Maybe it just seems that way.

It’s all about the mornings for me… and well, the afternoons too, but the mornings are killing my productivity. I’m a morning person. Always have been. Always will be. There were a few weekends in college where I slept past 10 AM, but, in all fairness, those followed the nights where I didn’t get to bed until after 4:00 AM. What? I was studying. Ahem.

My normal wakeup time when I’m taking the train into work is between 5 and 5:25 AM, depending on which train I want to catch. On those days, I write on the train on the way in and on the way home. I’ve gotten a lot of writing done that way over the last 3 years.

But working from home has made me somewhat more lazy. Friday morning, I didn’t get up until 5:45AM. Crazy, I know. I wrote for about 45 minutes before breakfast (interrupted 3 times to help my son turn on the TV to watch Ironman – Armored Adventures, his current favorite show on NetFlix.)  Then it was off to work – a five foot commute from the comfy chair in my office where I write, to my desk chair where I do my day job. I sat there for about 8 or 9 hours with a brief stop for lunch. I’m incredibly productive (for my employers) when working from home. I bang out more code and fix more bugs in a day of working from home than a week in the office. My only distraction at home is watching the garbage truck and its amazing robotic arm pick up the neighbor’s recycling bin and throw it up into the air.

On days where I ride the train, I get that afternoon writing session on the way home. On work from home days, I cannot stand to be in my office for even another minute. So I usually either move to the couch and watch something on my NetFlix queue, or, if I’m feeling good, go out to the garage and get a workout in. Option A usually wins out.

On days where I drive in, I get even less done. There’s no morning session, or afternoon session. There’s just my 35 mile commute each way, which kills my ambition for the rest of the day. I hate driving in, and have said a thousand times that if I had to do it every day, I would quit.

It’s not that I haven’t been getting anything done. I have been editing ‘Labeled’ quite productively over the past few weeks when I do get time and energy to sit down.

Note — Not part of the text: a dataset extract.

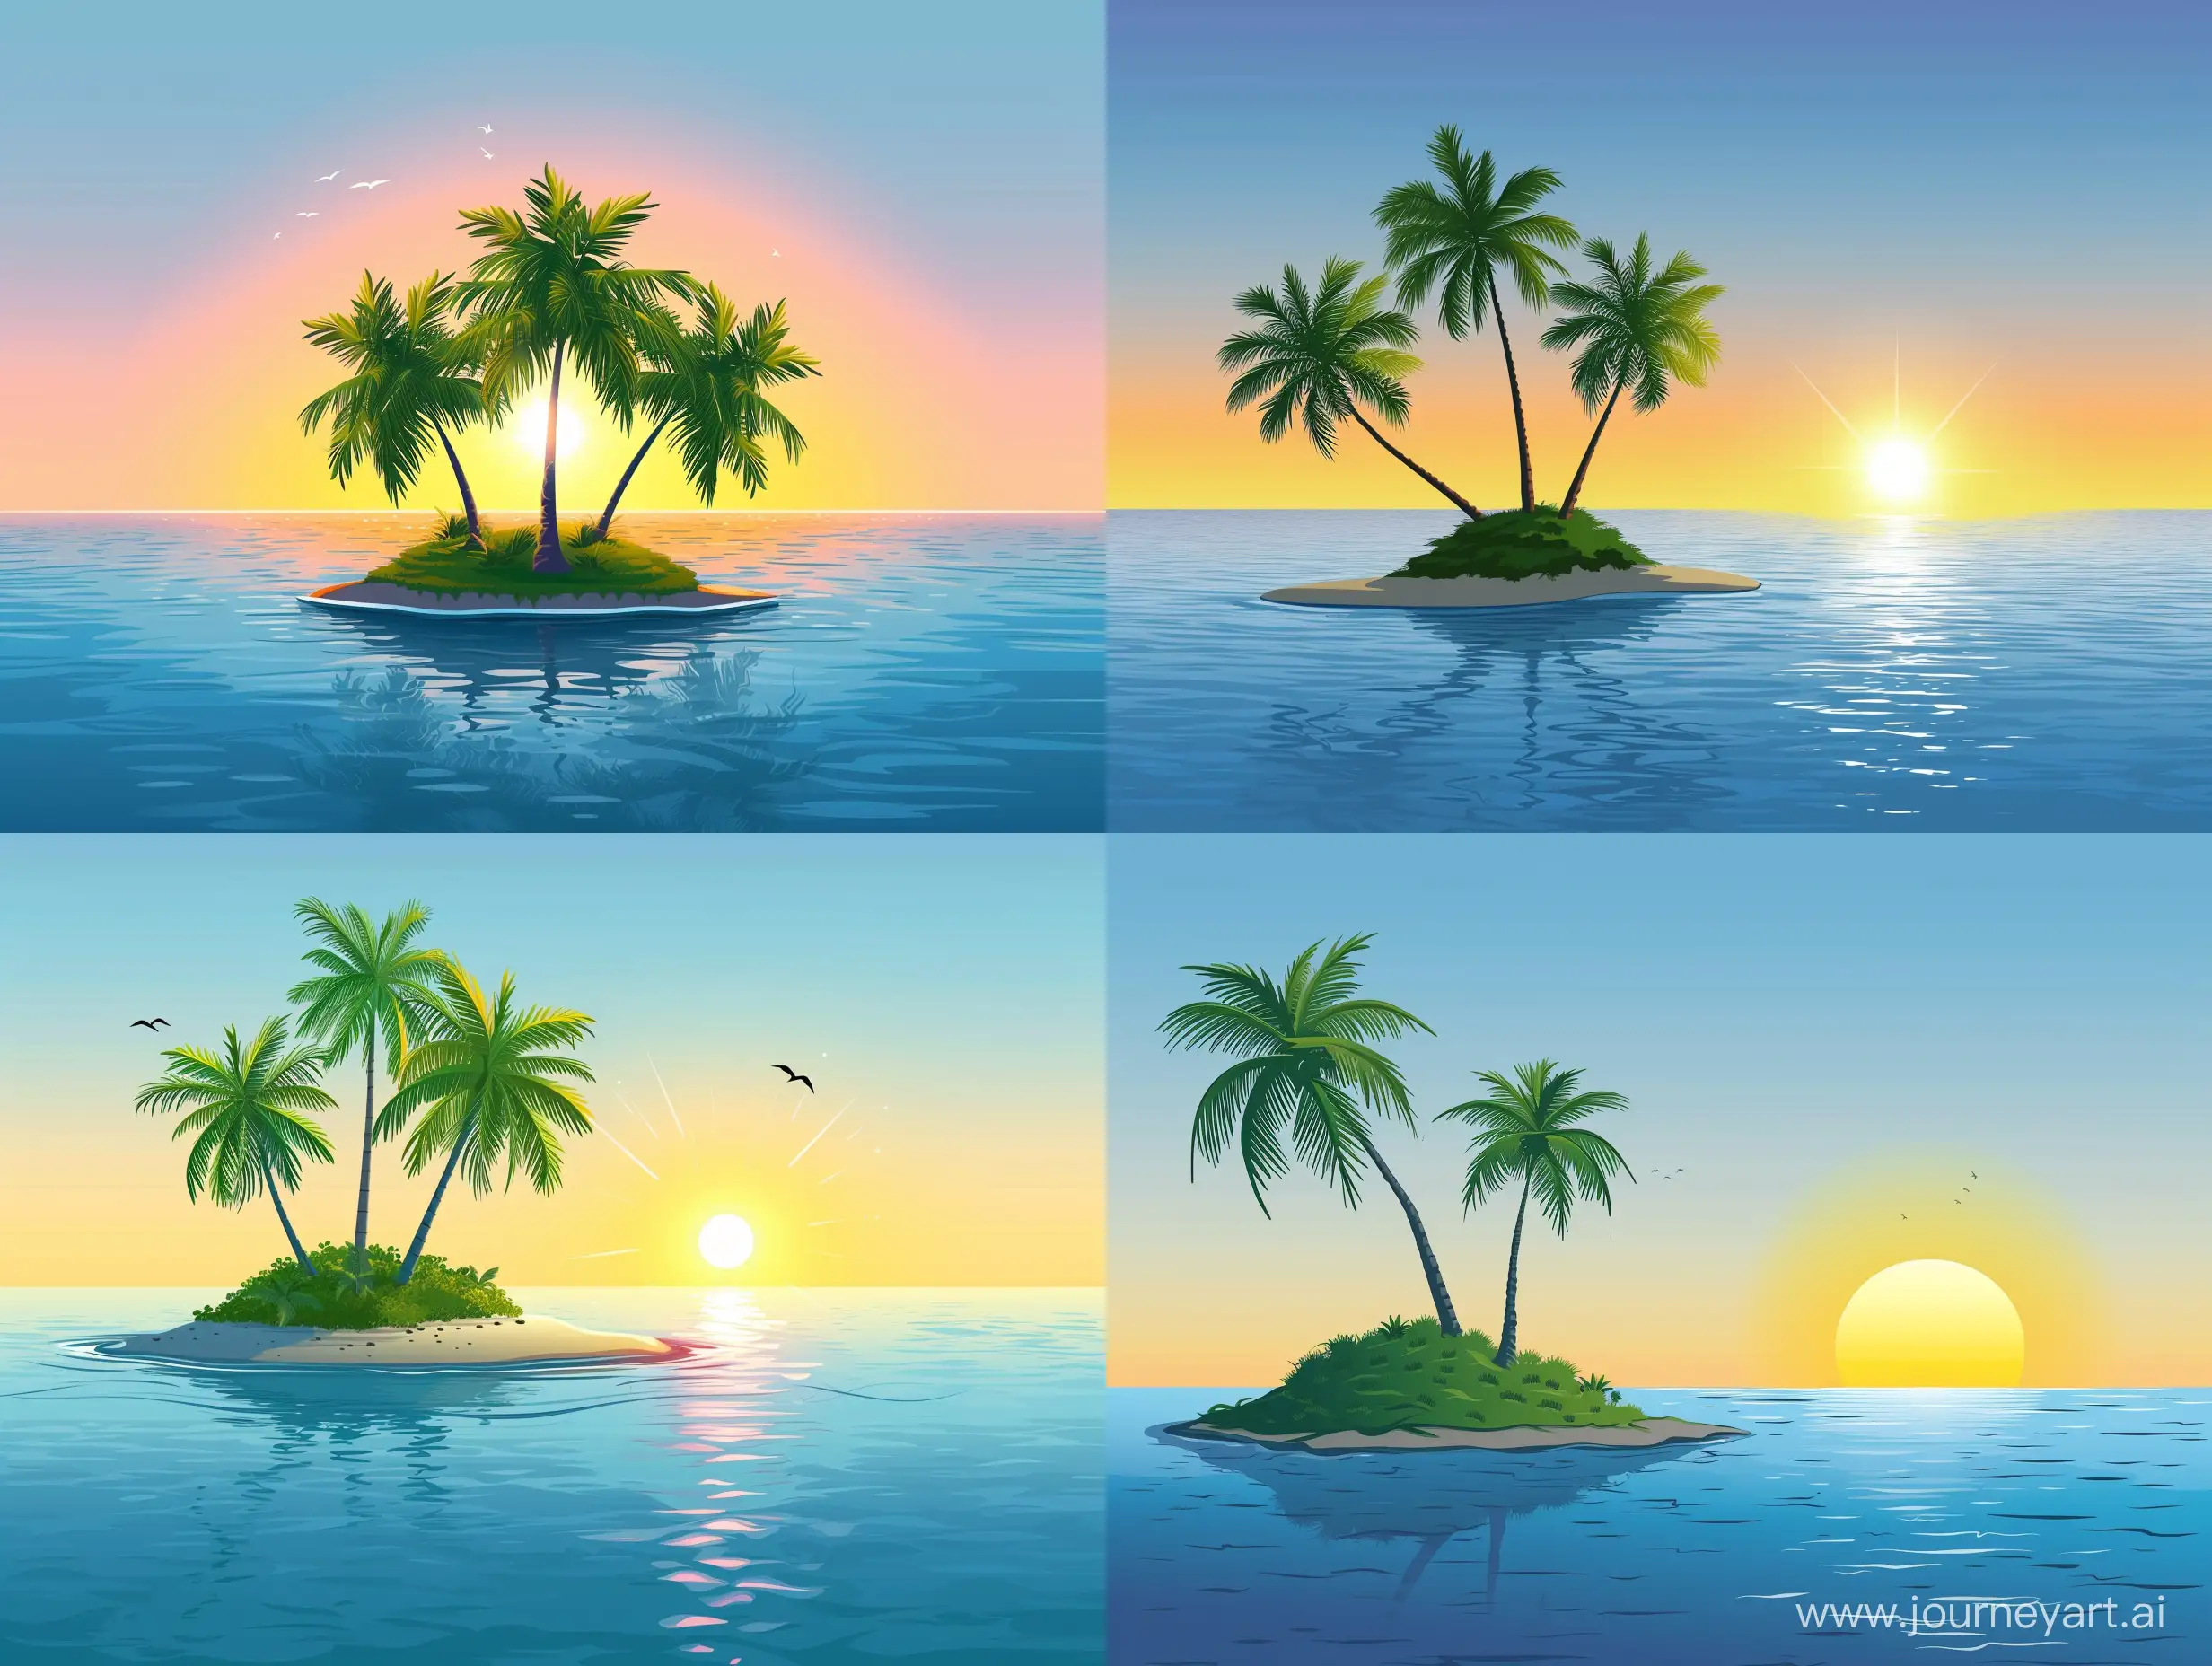 Tropical-Sunrise-on-a-Serene-Island-with-Coconut-Palms

As of this morning, I have just 4 chapters left to edit, but two of those will be complete rewrites. But because of the unusual schedule, the fact that I am ‘just editing’ and not doing it consistently, I don’t feel as productive as I have in the past. For me, as a writer, nothing feels as productive as tracking the word count on a new story. Editing just doesn’t seem to be as fulfilling. The editing cycle never seems to end.

But it’s not like there isn’t a new novel burning a hole in my mind right now that I just have to write. There are, however, the beginnings of something stirring. It’s going to get put in my ‘what-ifs’ file today, and perhaps get expanded over the next couple of months. I’ve got too much editing I still need to get done this year to start on something new, but come the New Year, I want to have a plan in place for the next story.

So, yes, life is getting back to normal. And maybe the new normal for me as a writer with 5 books ‘done’ is always being in an editing cycle. But I can’t wait to get back to working on a new story. Life just isn’t the same when I’m not.